Problem details: Go to the line with "New York Rangers" in the material below and copy from there through the line with "Handmade earrings natural", exactly. Pictures are not copied.

Exercise inputs:
##########

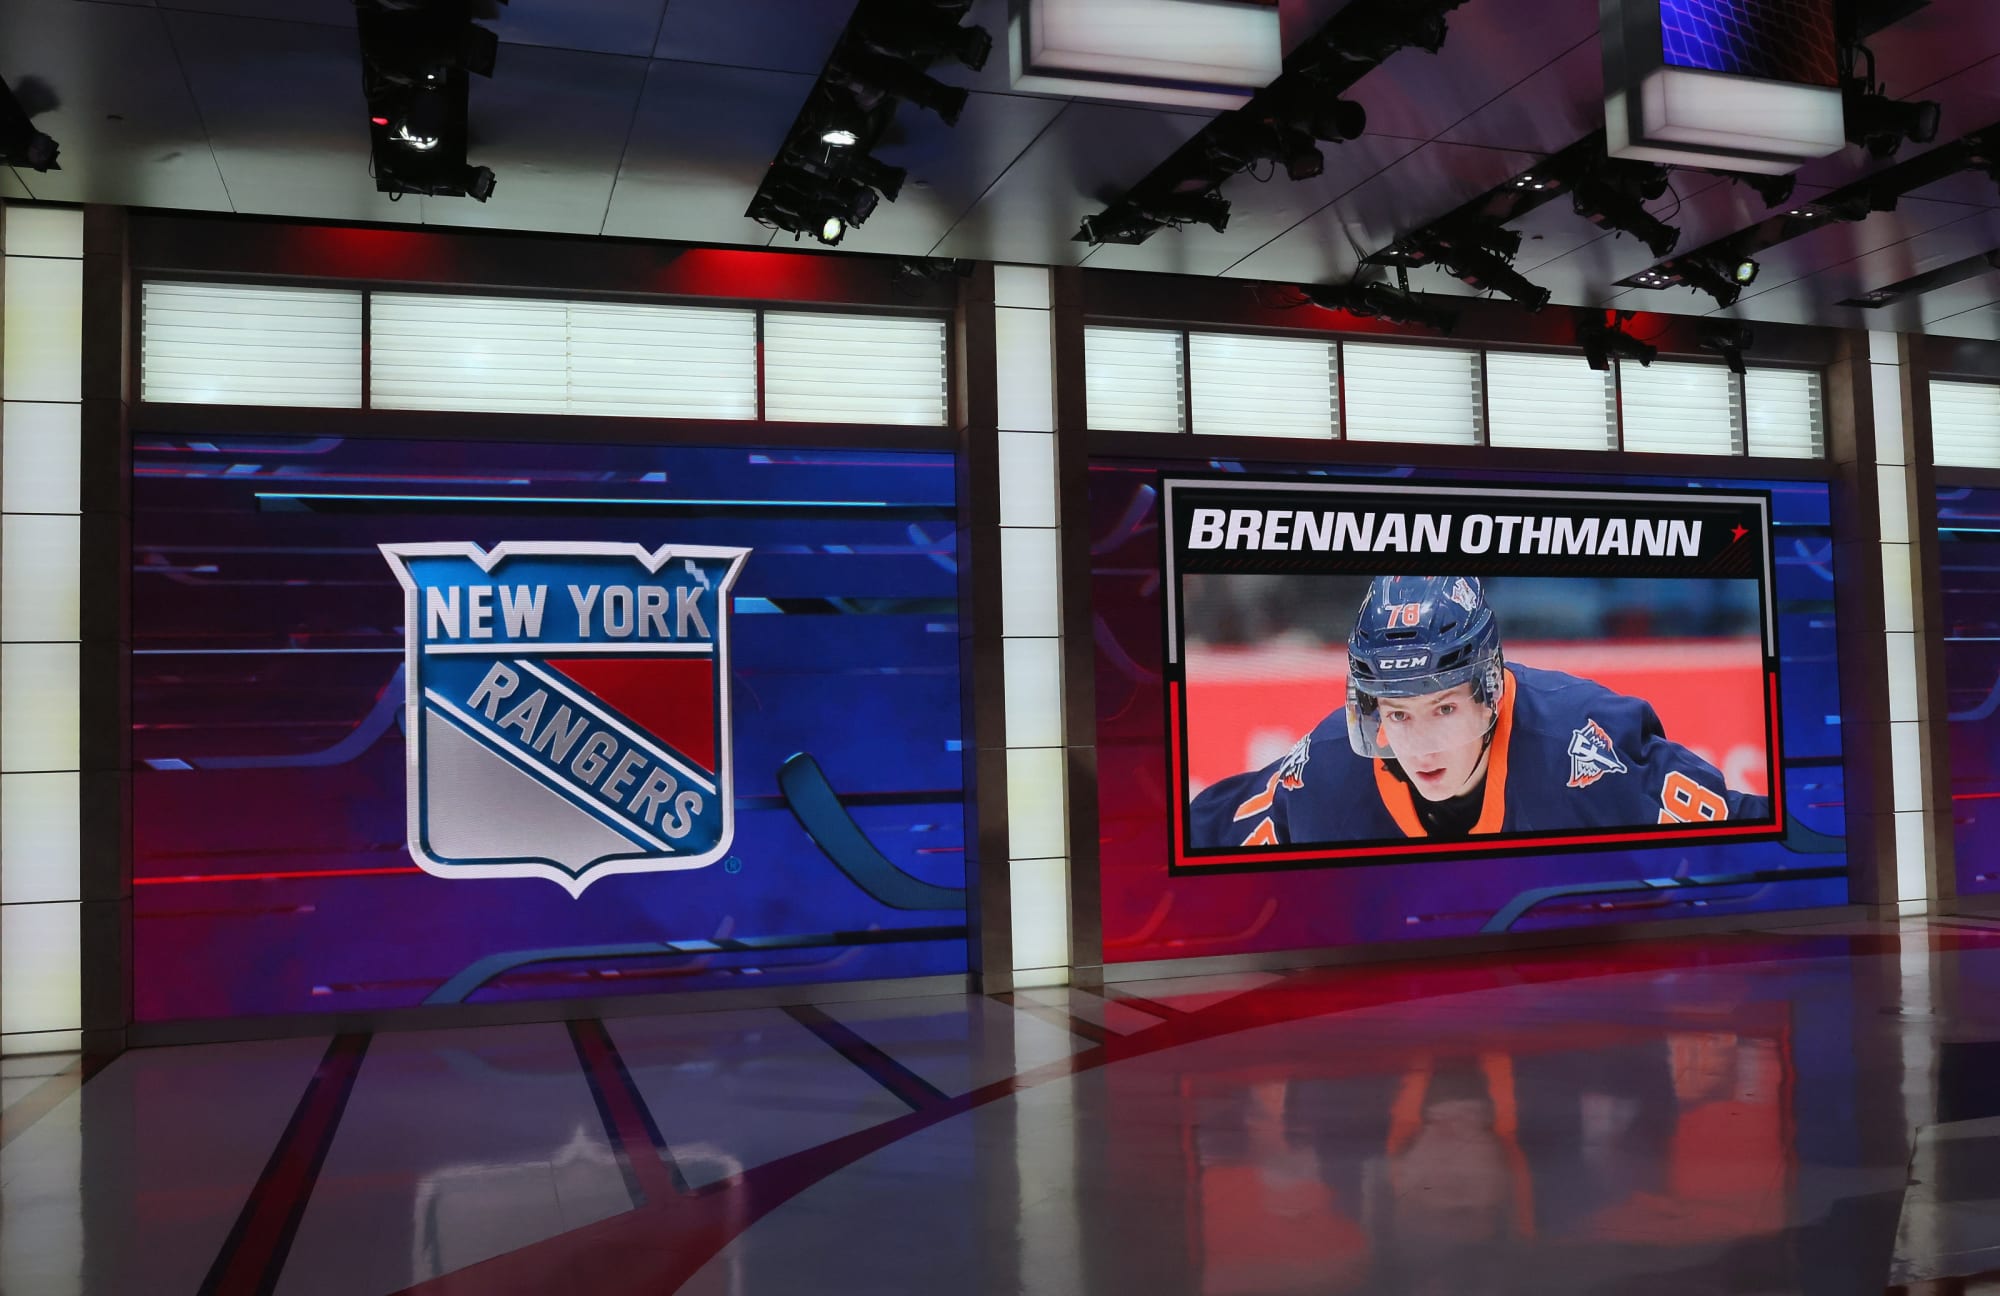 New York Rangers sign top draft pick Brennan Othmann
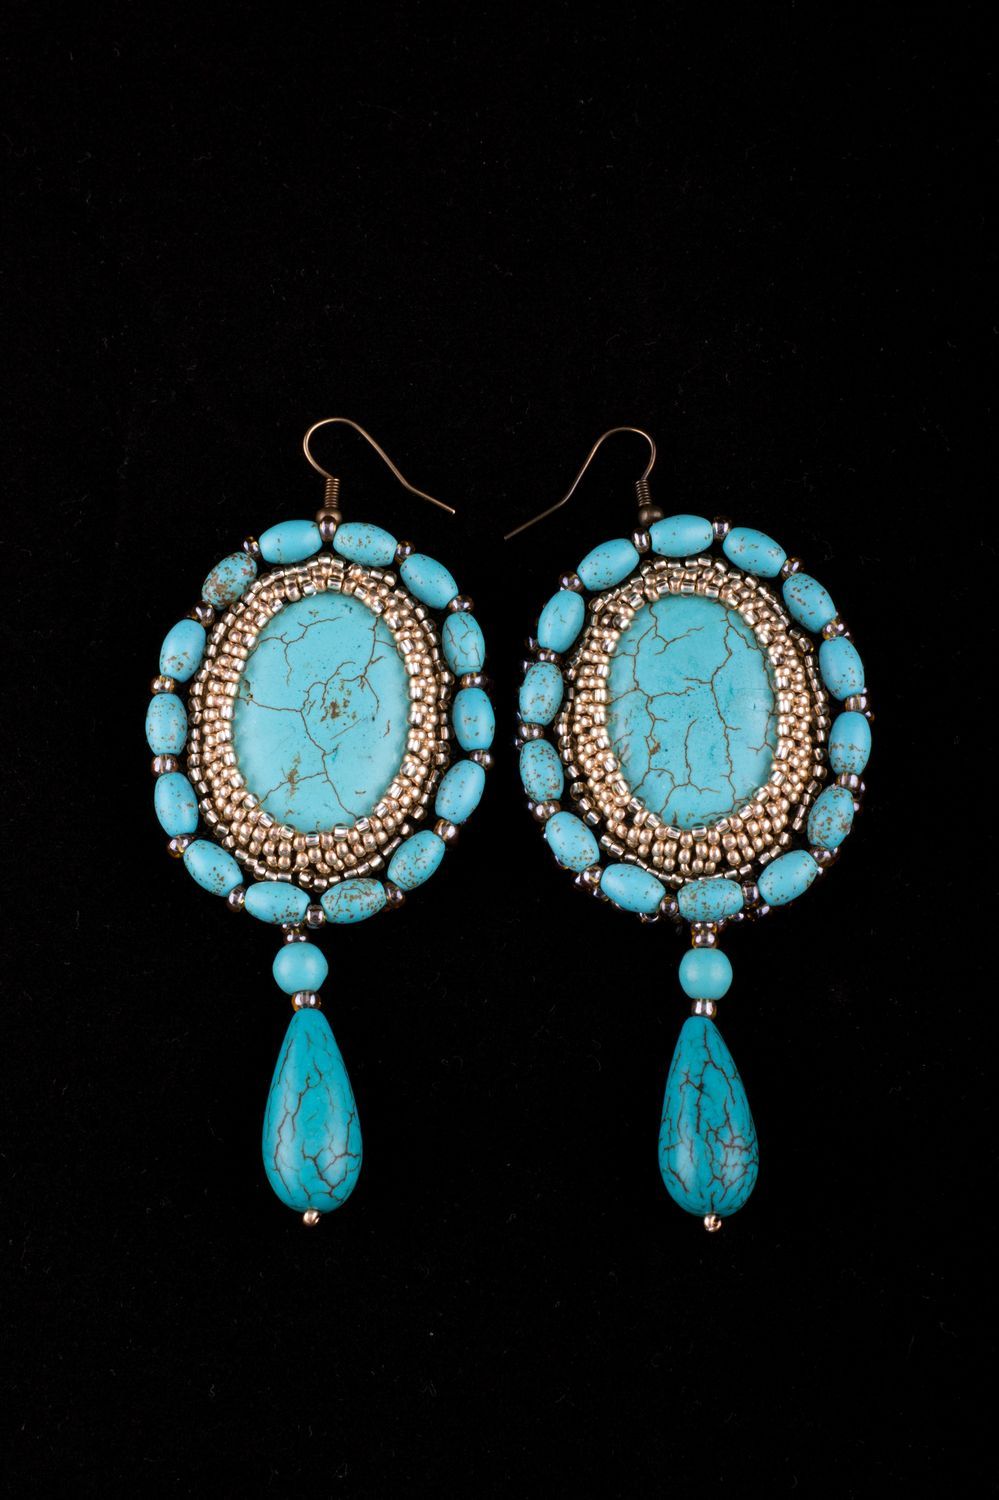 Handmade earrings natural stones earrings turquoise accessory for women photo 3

##########

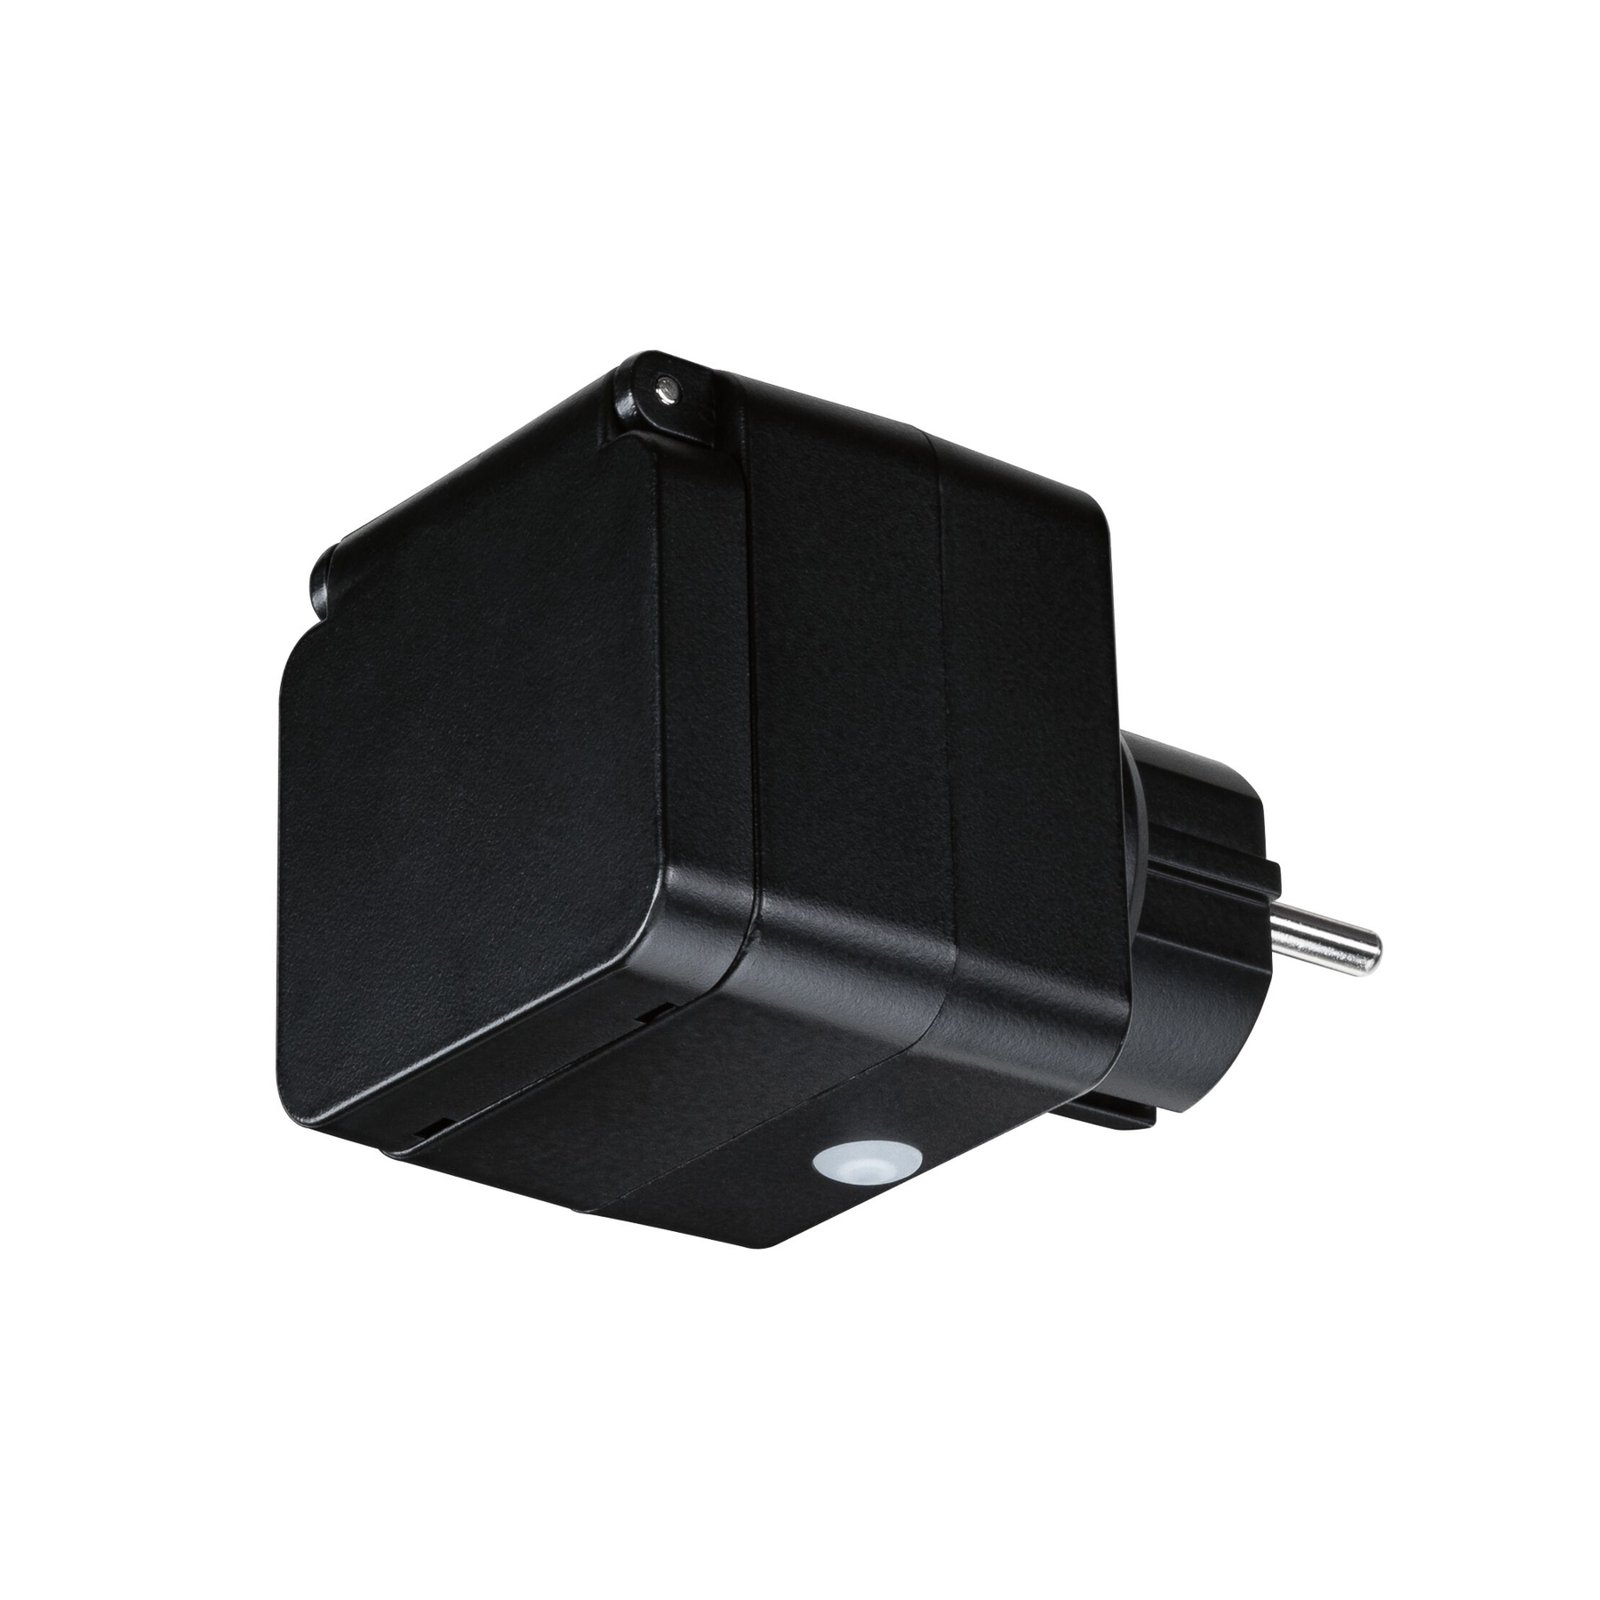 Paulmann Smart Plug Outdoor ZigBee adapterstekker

##########

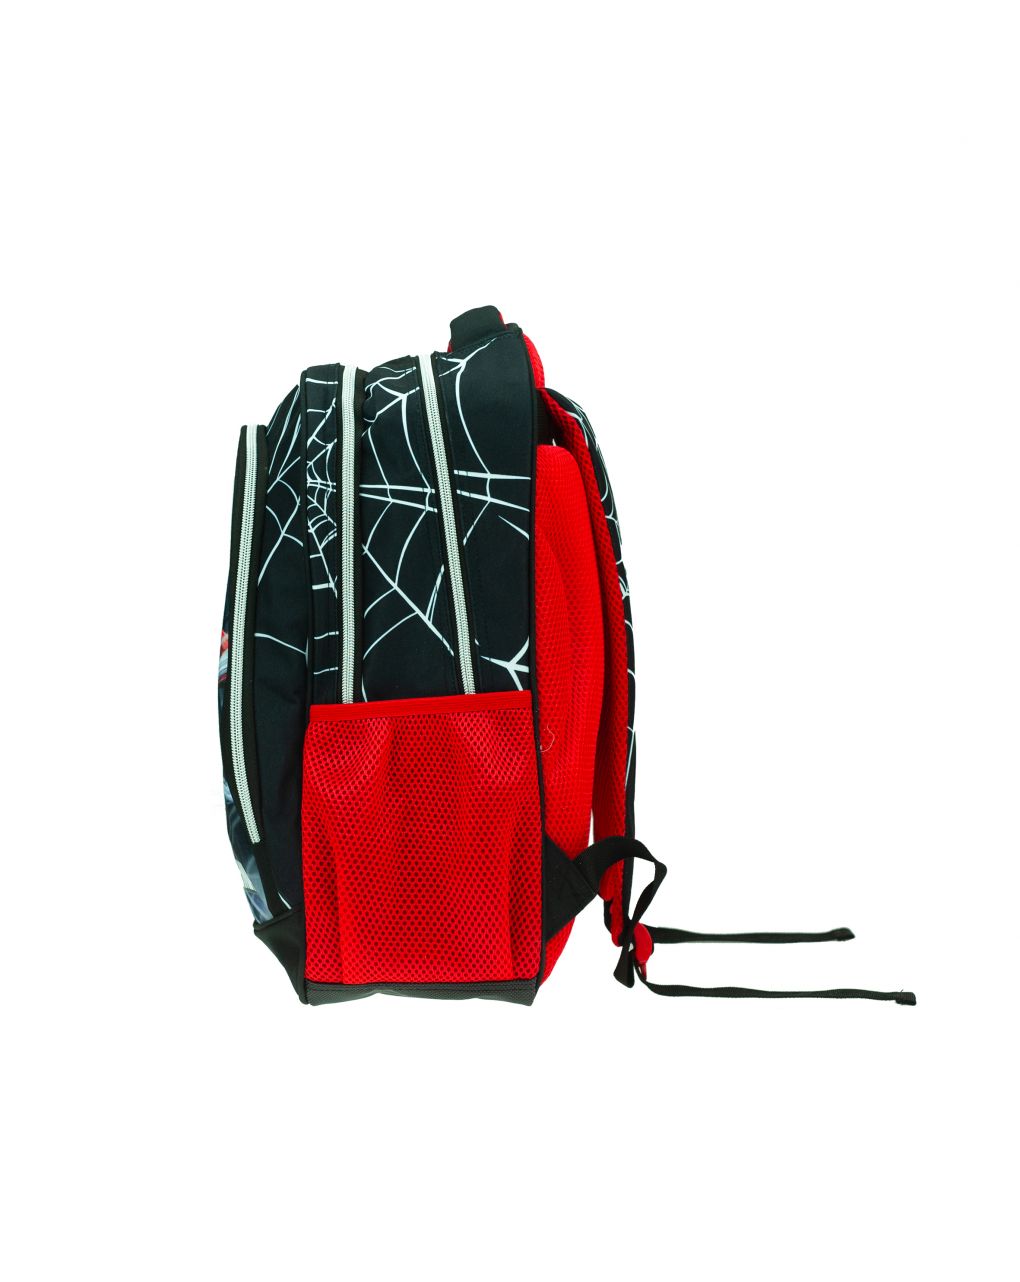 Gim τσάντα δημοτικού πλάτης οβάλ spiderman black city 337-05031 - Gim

##########

Written solution:
 New York Rangers sign top draft pick Brennan Othmann
 Handmade earrings natural stones earrings turquoise accessory for women photo 3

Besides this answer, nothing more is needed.